** DATA EXTRACT **
————

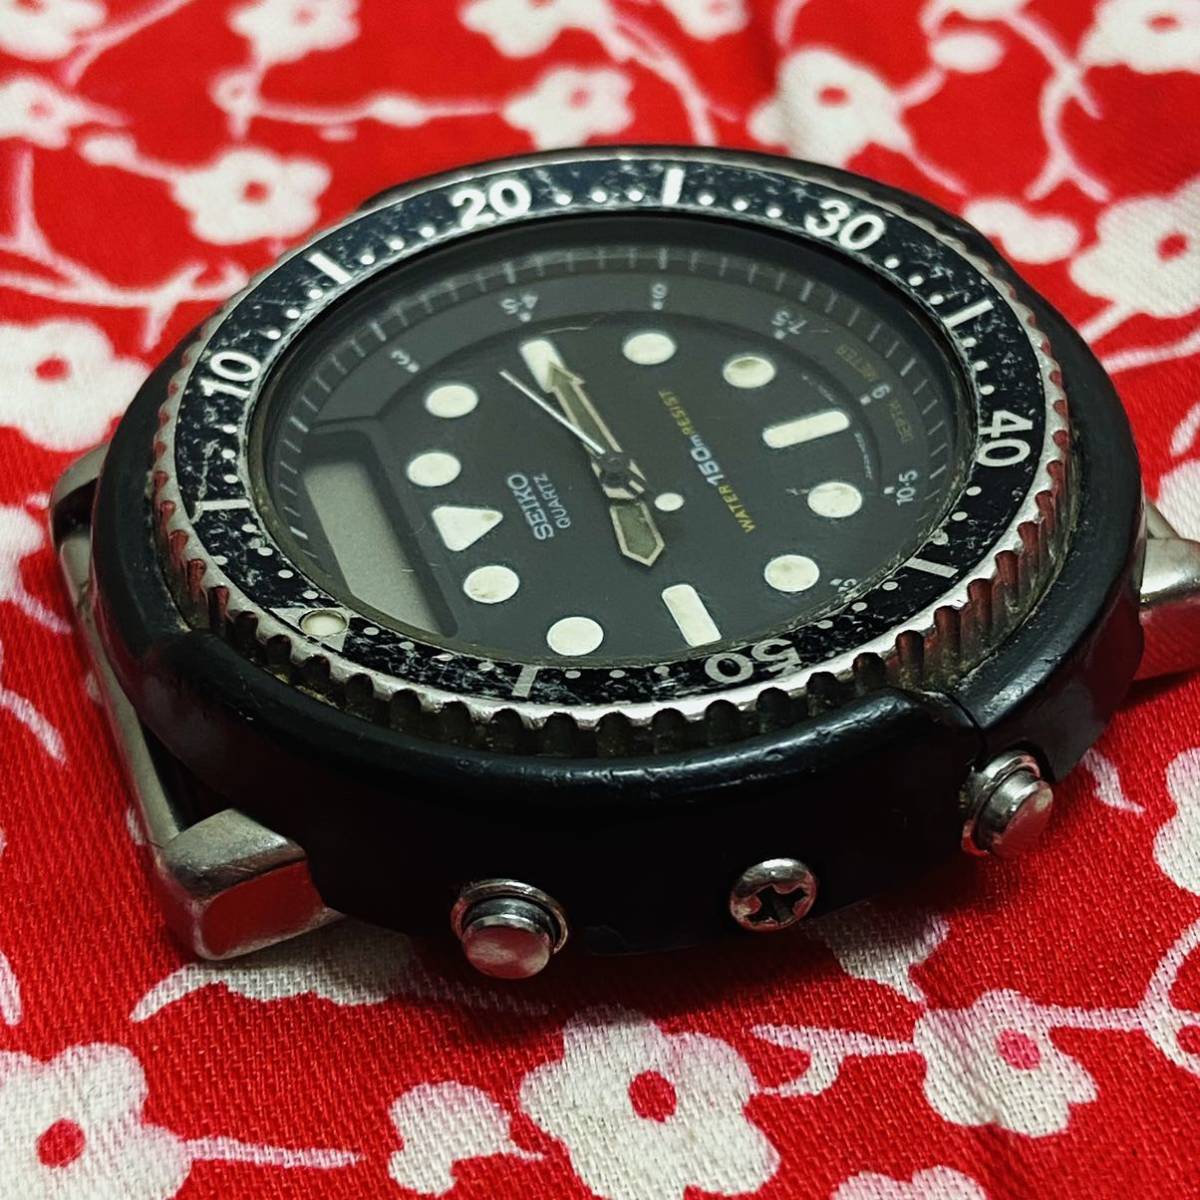 SEIKOセイコーH558-5000ビンテージ150mハイブリッド ダイバー腕 時計ARNIEアーニーブラック×シルバー系現状品_画像3
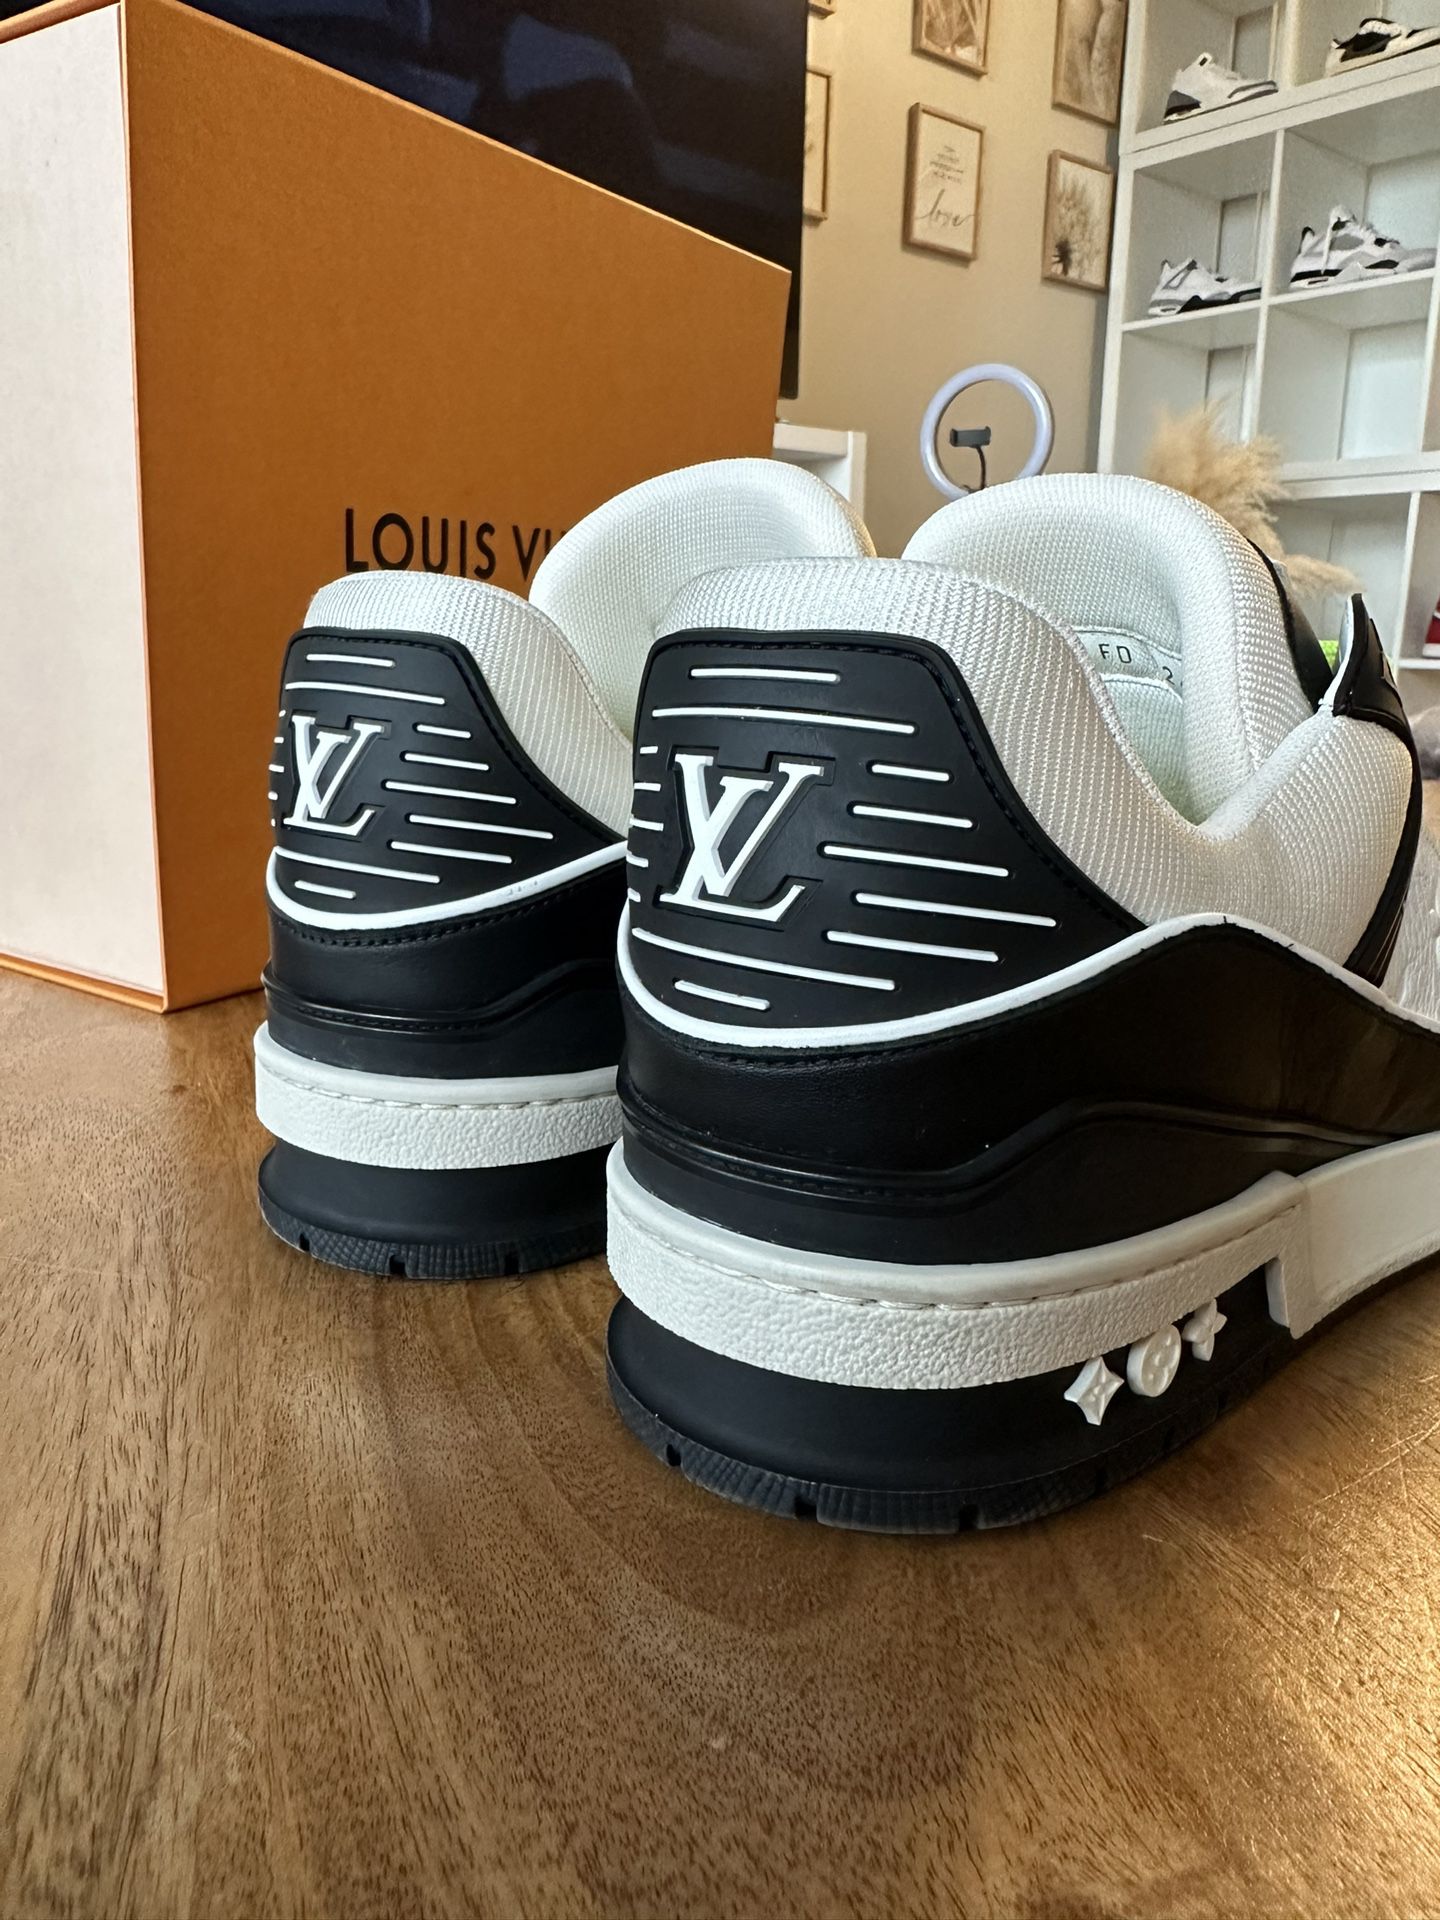 Louis Vuitton Elliptic Sneakers for Sale in Miramar, FL - OfferUp
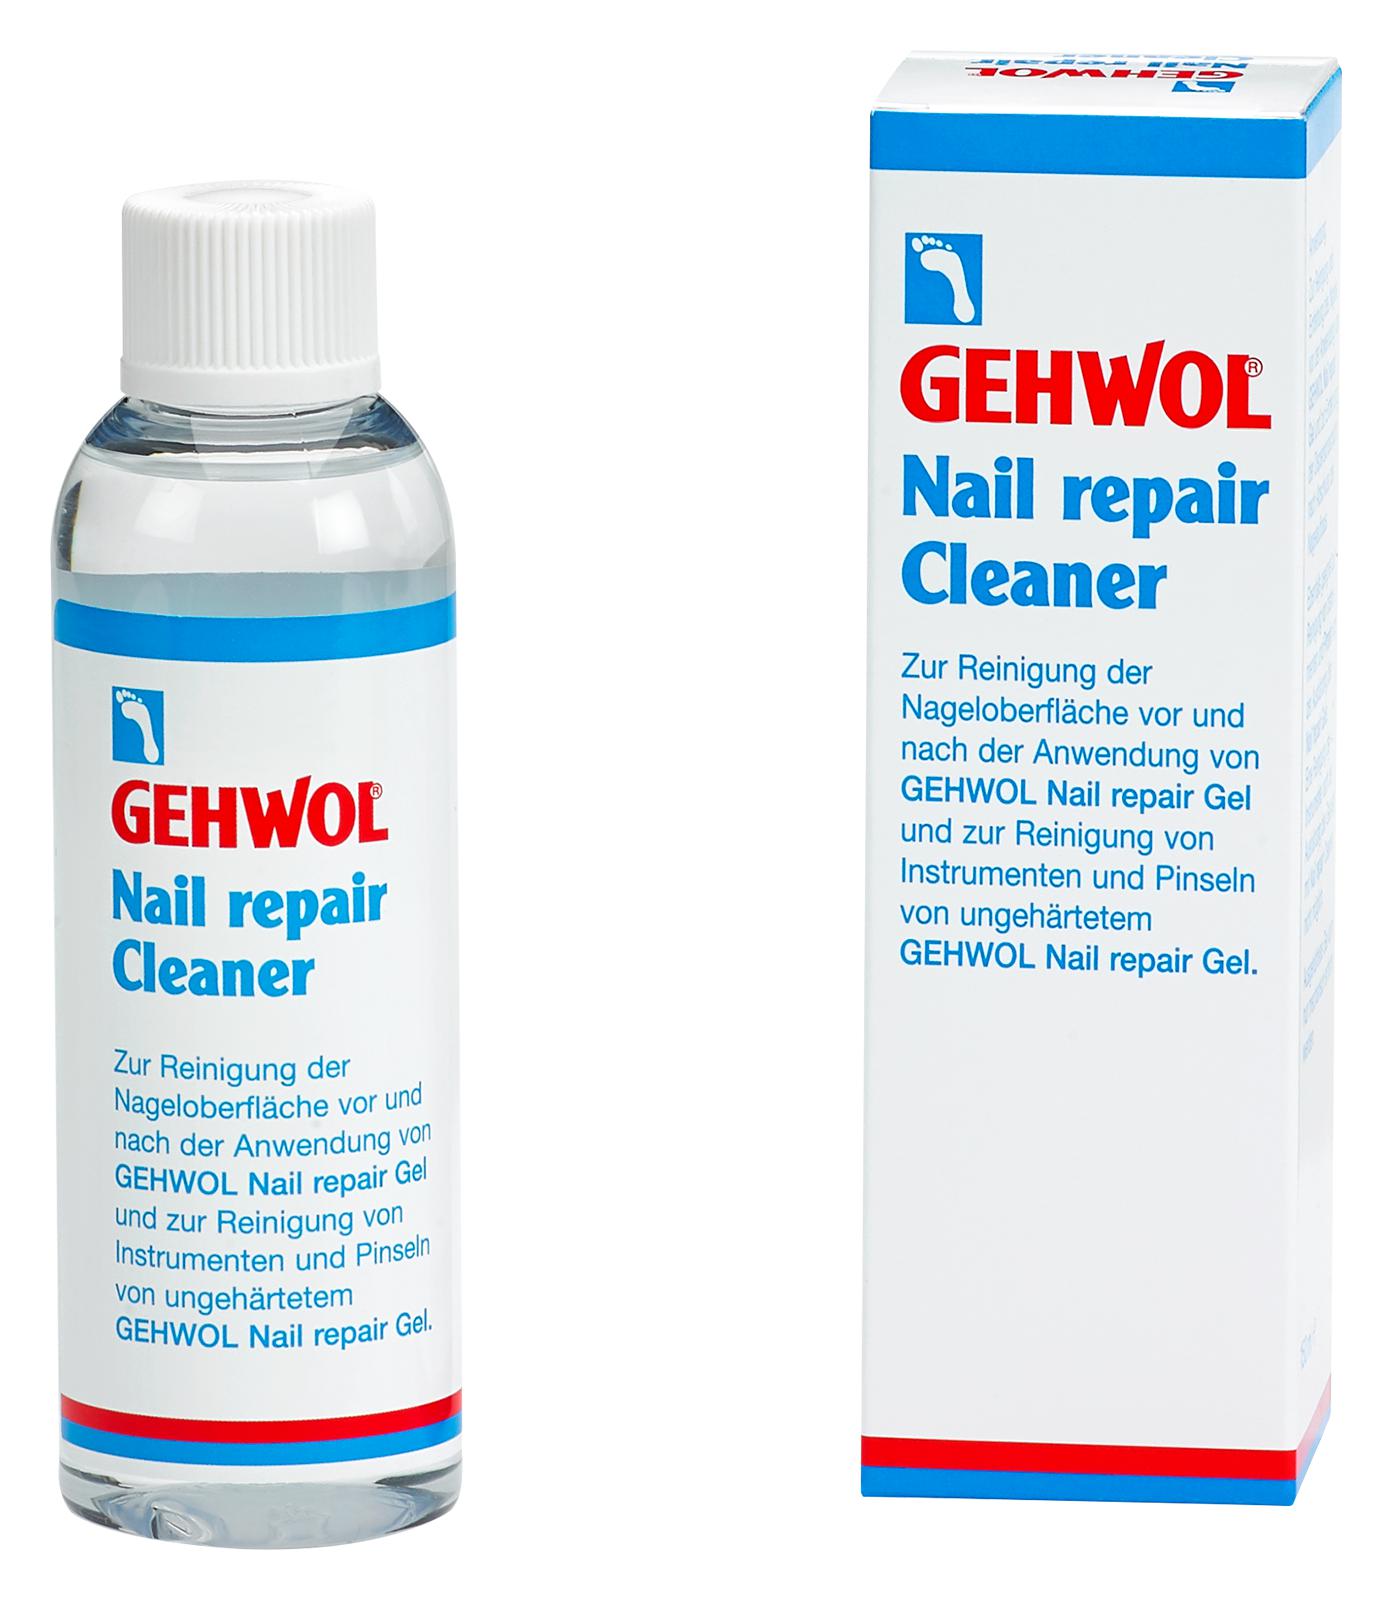 GEHWOL Nail repair Cleaner 150 ml

————

** WHAT THE TASK REQUIRES **
Leaving out the pictures, output each line above exactly as it is.

** EXPECTED OUTPUT **
 SEIKOセイコーH558-5000ビンテージ150mハイブリッド ダイバー腕 時計ARNIEアーニーブラック×シルバー系現状品_画像3
 Louis Vuitton Elliptic Sneakers for Sale in Miramar, FL - OfferUp
 GEHWOL Nail repair Cleaner 150 ml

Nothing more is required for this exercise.